**WHAT IS R PROGRAMMING?**

R is a language and environment for statistical computing and graphics. It provides a wide variety of statistical (linear and nonlinear modelling, classical statistical tests, time-series analysis, classification, clustering, …) and graphical techniques, and is highly extensible. It is an integrated suite of software facilities for data manipulation, calculation and graphical display.
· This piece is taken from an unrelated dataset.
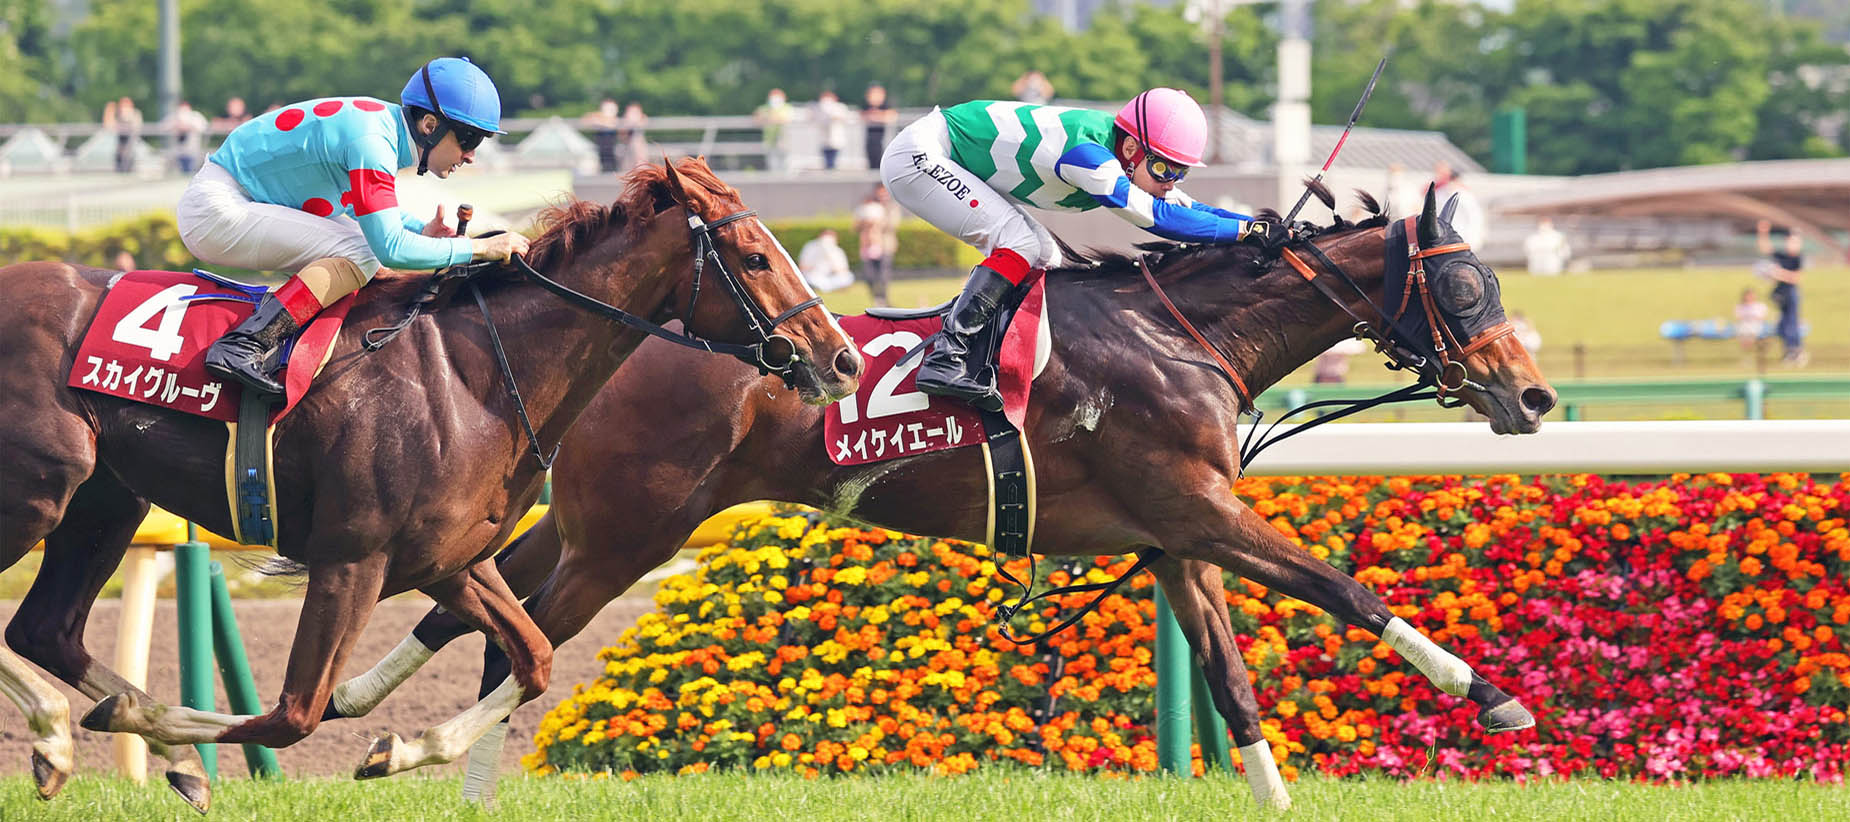 2022 Preakness Stakes Betting Update 3 Horses That Could Upset Epicenter

It includes:

- an effective data handling and storage facility,
- a suite of operators for calculations on arrays, in particular matrices,
- a large, coherent, integrated collection of intermediate tools for data analysis,
- graphical facilities for data analysis and display either on-screen or on hardcopy, and
- a well-developed, simple and effective programming language which includes conditionals, loops, user-defined recursive functions and input and output facilities.

**DIFFERENCE BETWEEN VECTOR, LIST, MATRIX AND DATAFRAME.**

A **vector** is a series of data elements of the same basic type. The members in the vector are known as a component.

The R object that contains elements of different types such as numbers, strings, vectors, or another list inside it, is known as **List**.

A two-dimensional data structure used to bind the vectors from the same length, known as the **matrix**. The matrix contains the same types of elements.

A **Data** frame is a generic form of a matrix. It is a combination of lists and matrices. In the Data frame, different data columns contain different data types.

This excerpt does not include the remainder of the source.